▶ **DATASET CONTENT**
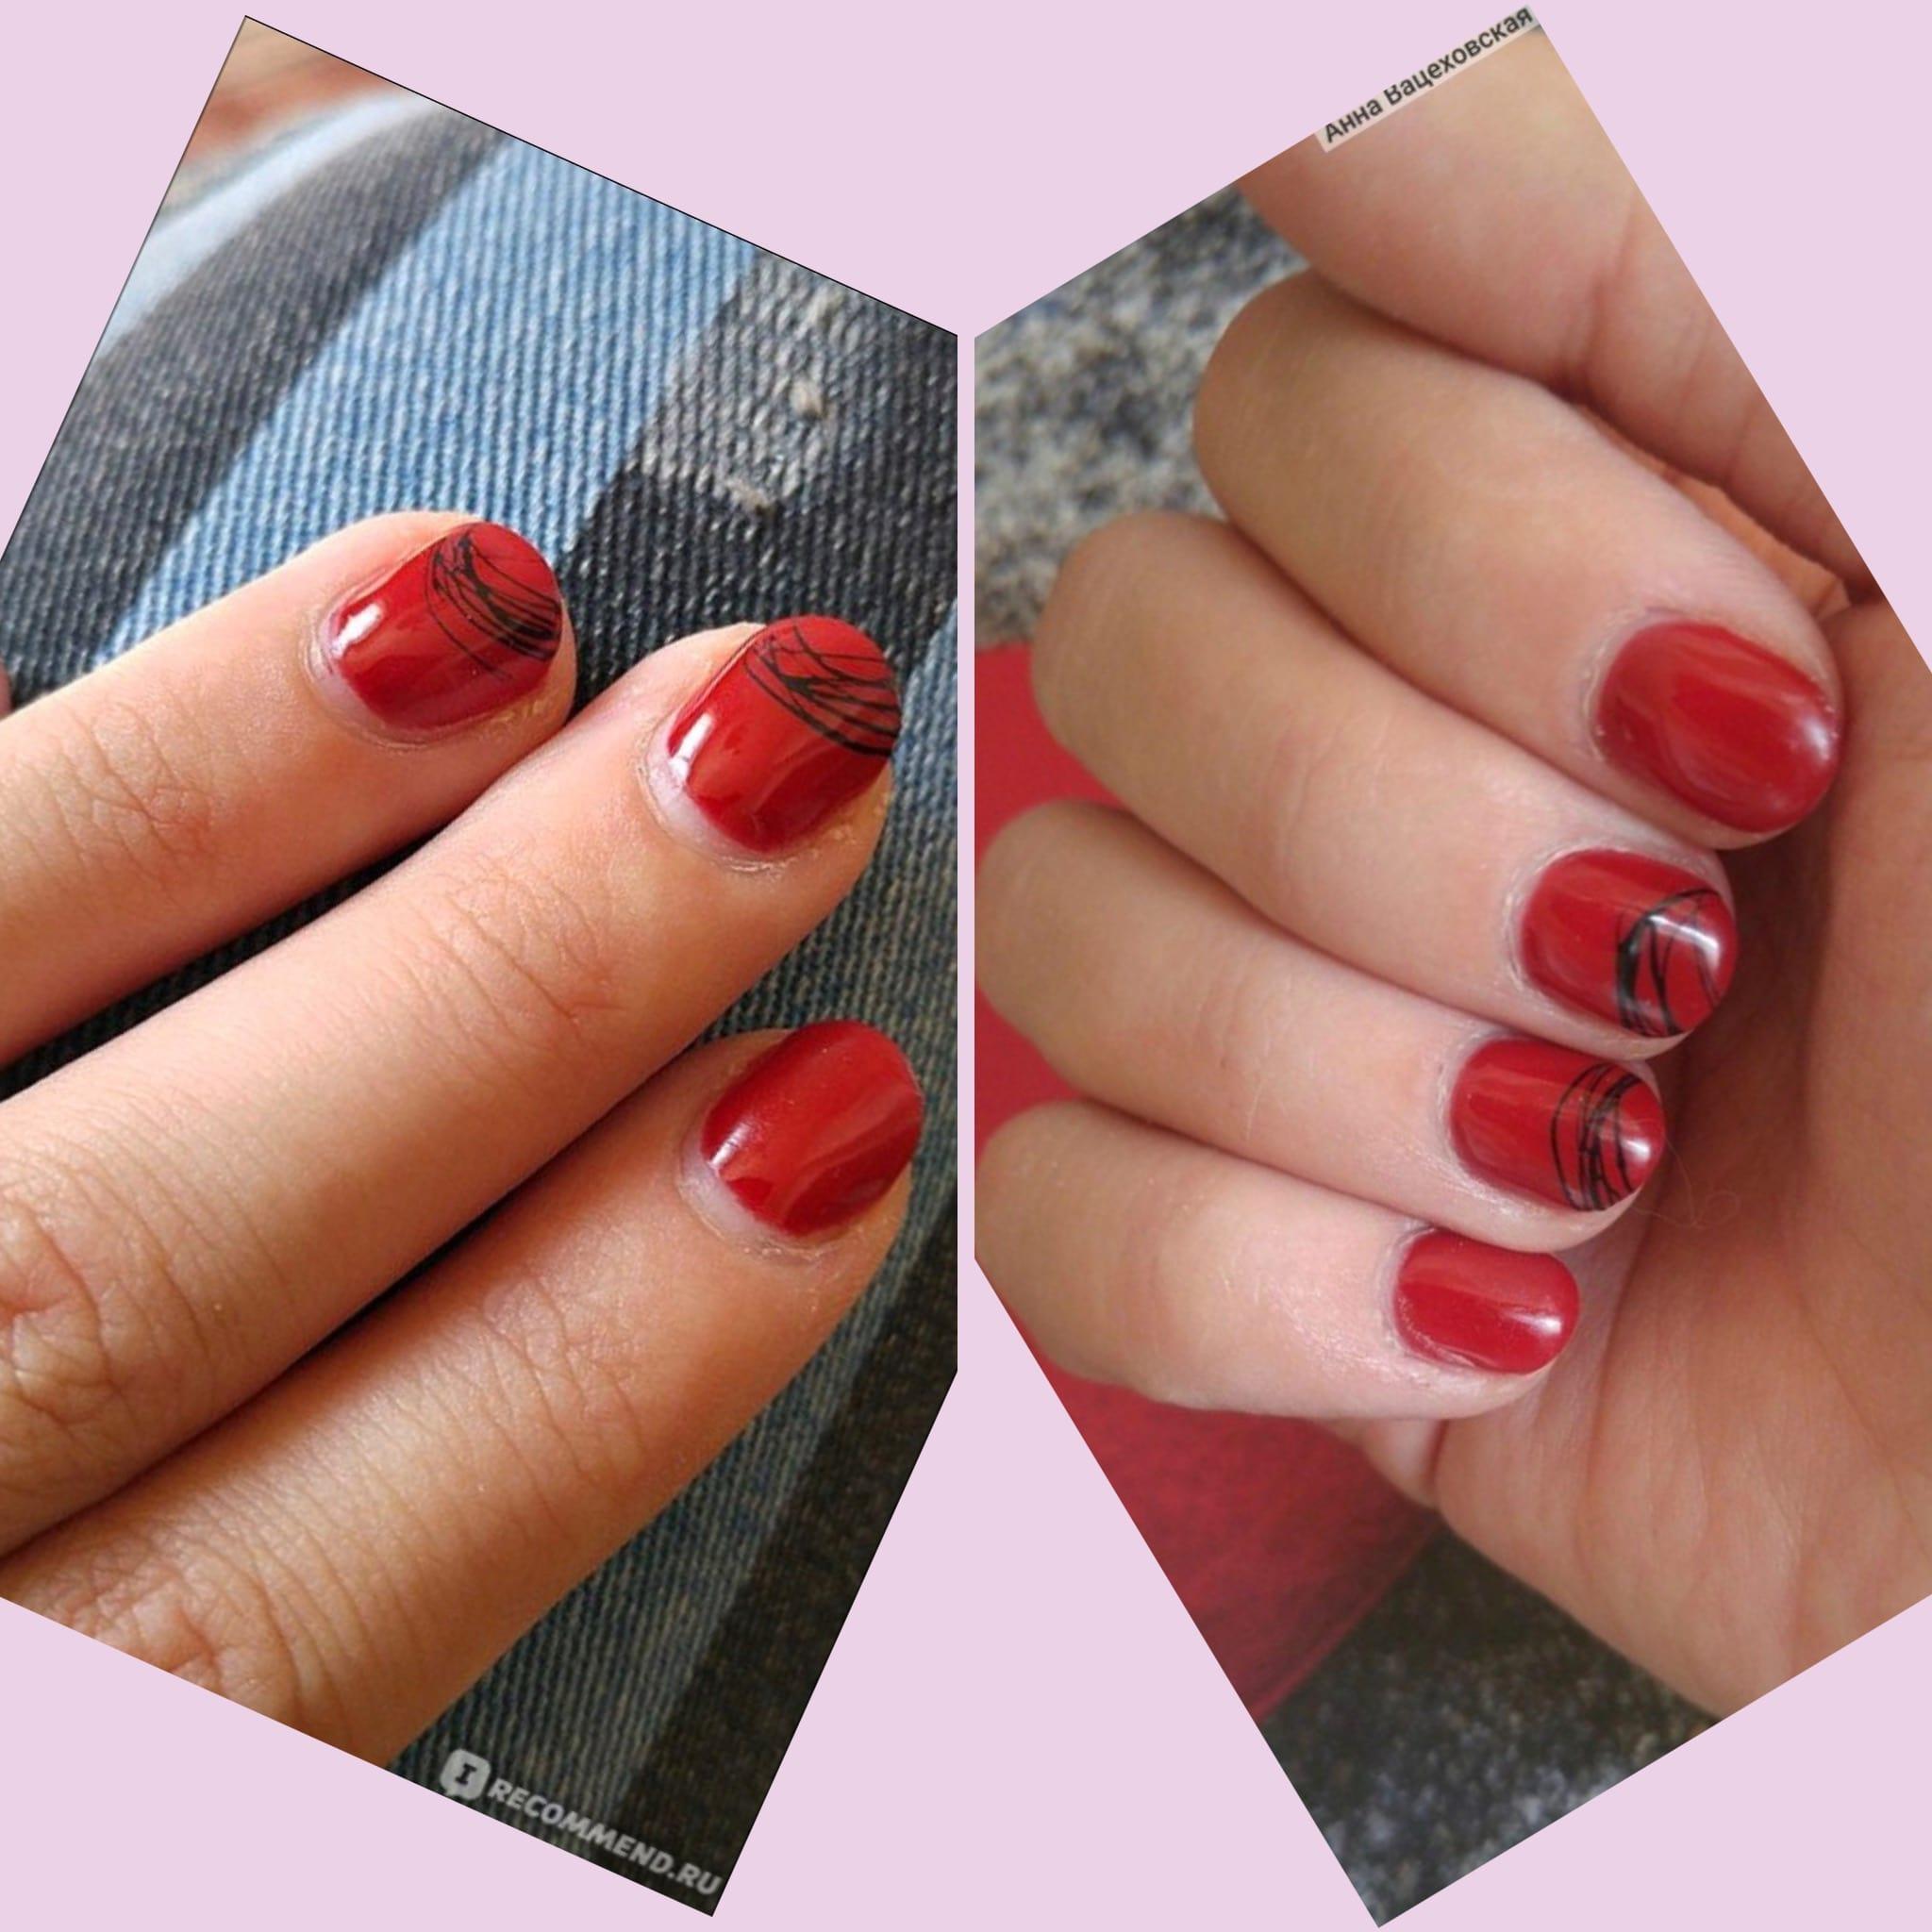 Пример носки ногтей сразу после маникюра и спустя 2 недели
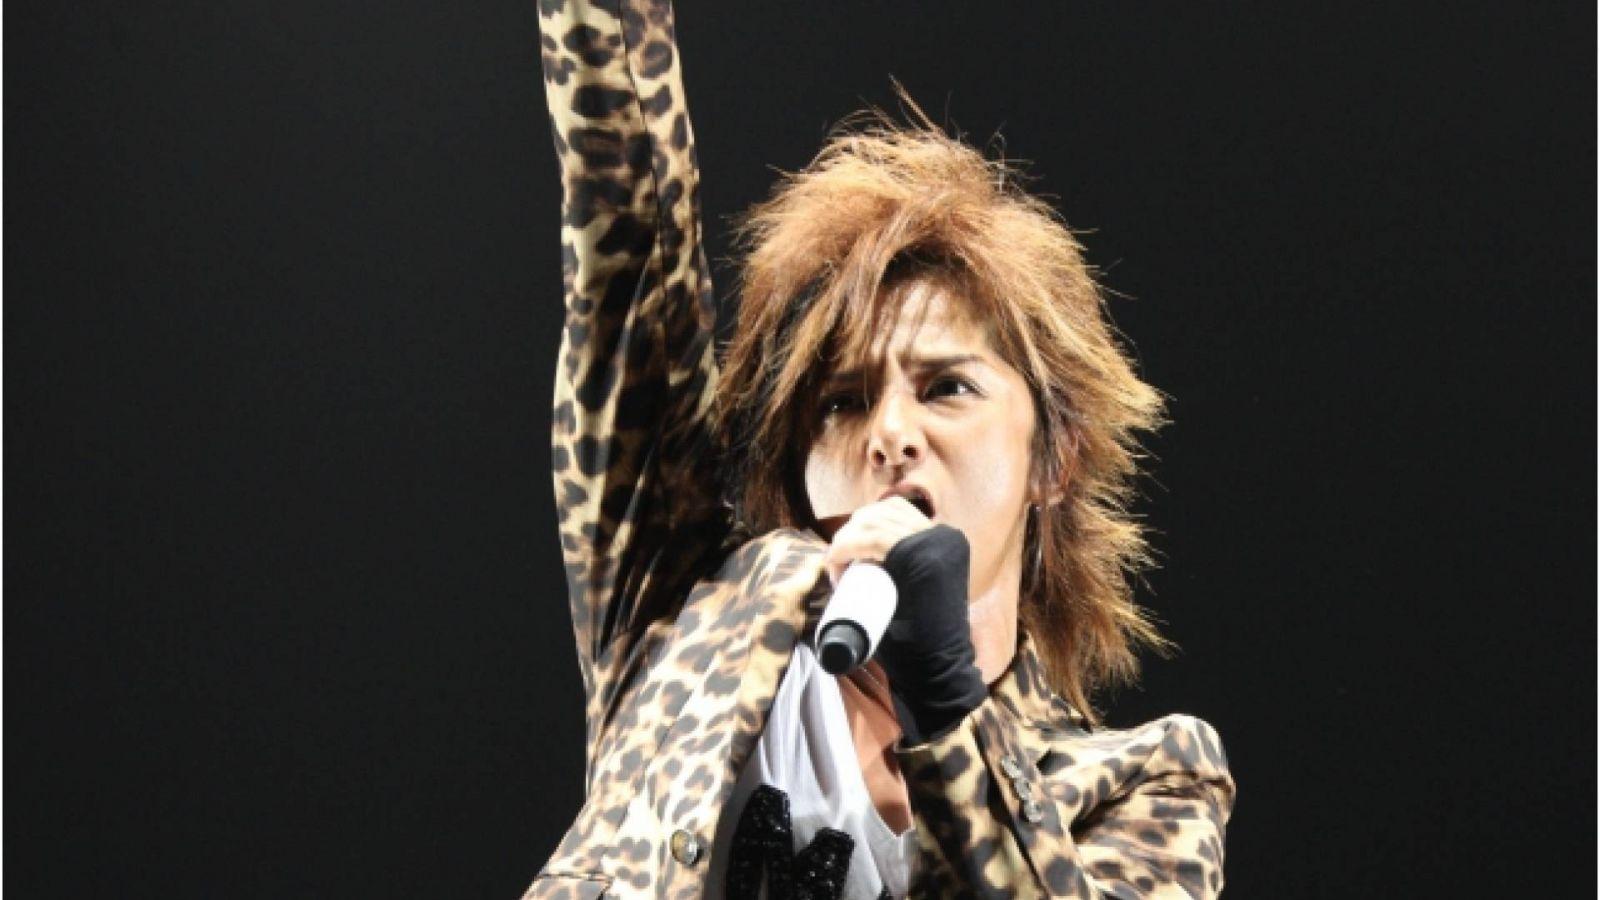 Wywiad z Mitsuru Matsuoką z zespołu SOPHIA podczas V-ROCK FESTIVAL © SOPHIA - V-ROCK FESTIVAL
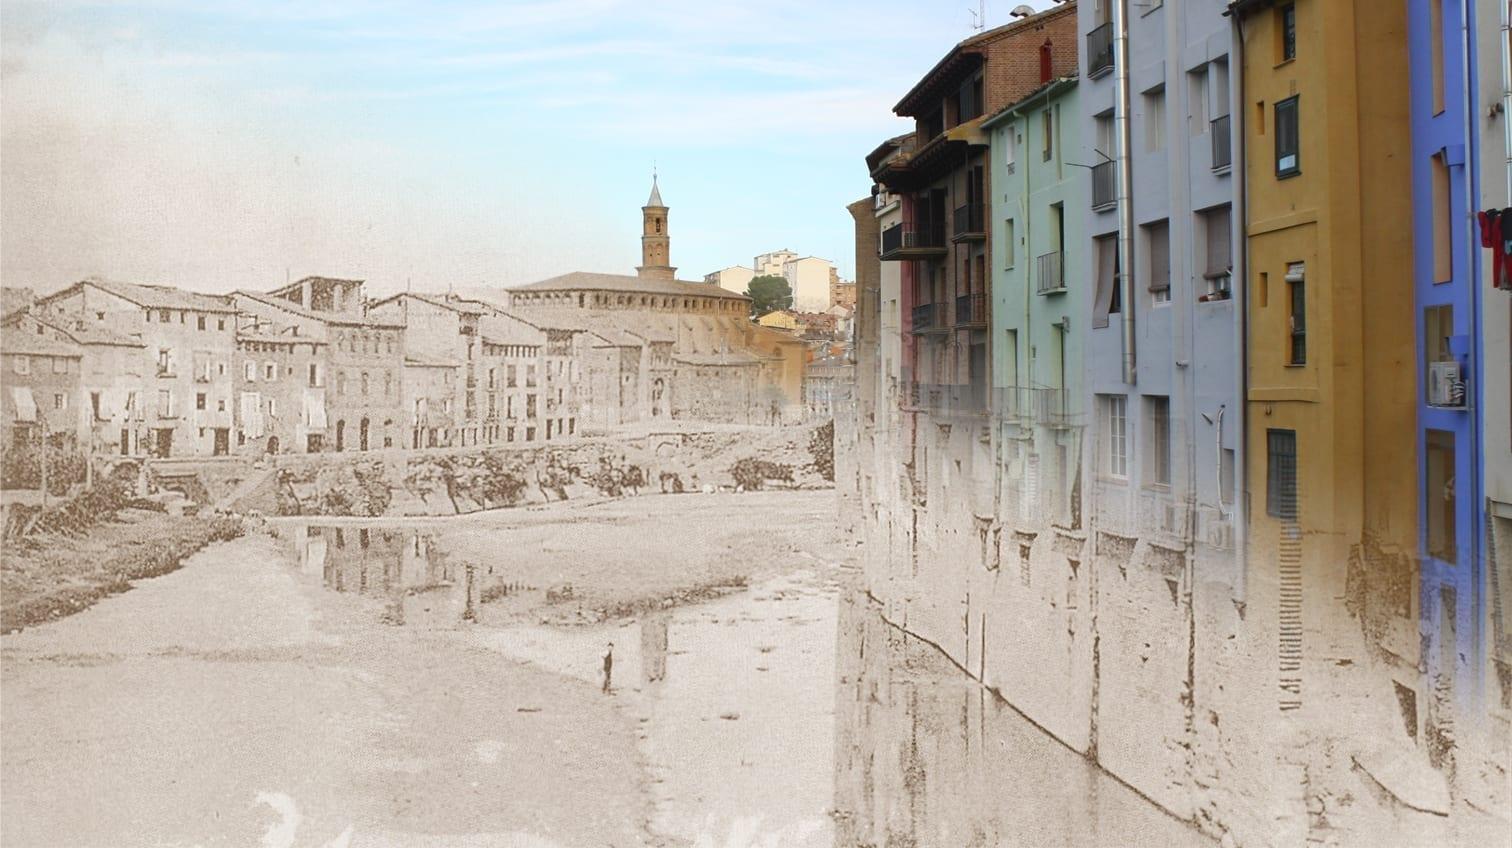 El río Vero en Barbastro, de 1930 a 2012 Barbastro España

▶ **ACTIVITY**
The expected output is the complete listing, word for word, without any picture.

▶ **WRITTEN SOLUTION**
 Пример носки ногтей сразу после маникюра и спустя 2 недели
 Wywiad z Mitsuru Matsuoką z zespołu SOPHIA podczas V-ROCK FESTIVAL © SOPHIA - V-ROCK FESTIVAL
 El río Vero en Barbastro, de 1930 a 2012 Barbastro España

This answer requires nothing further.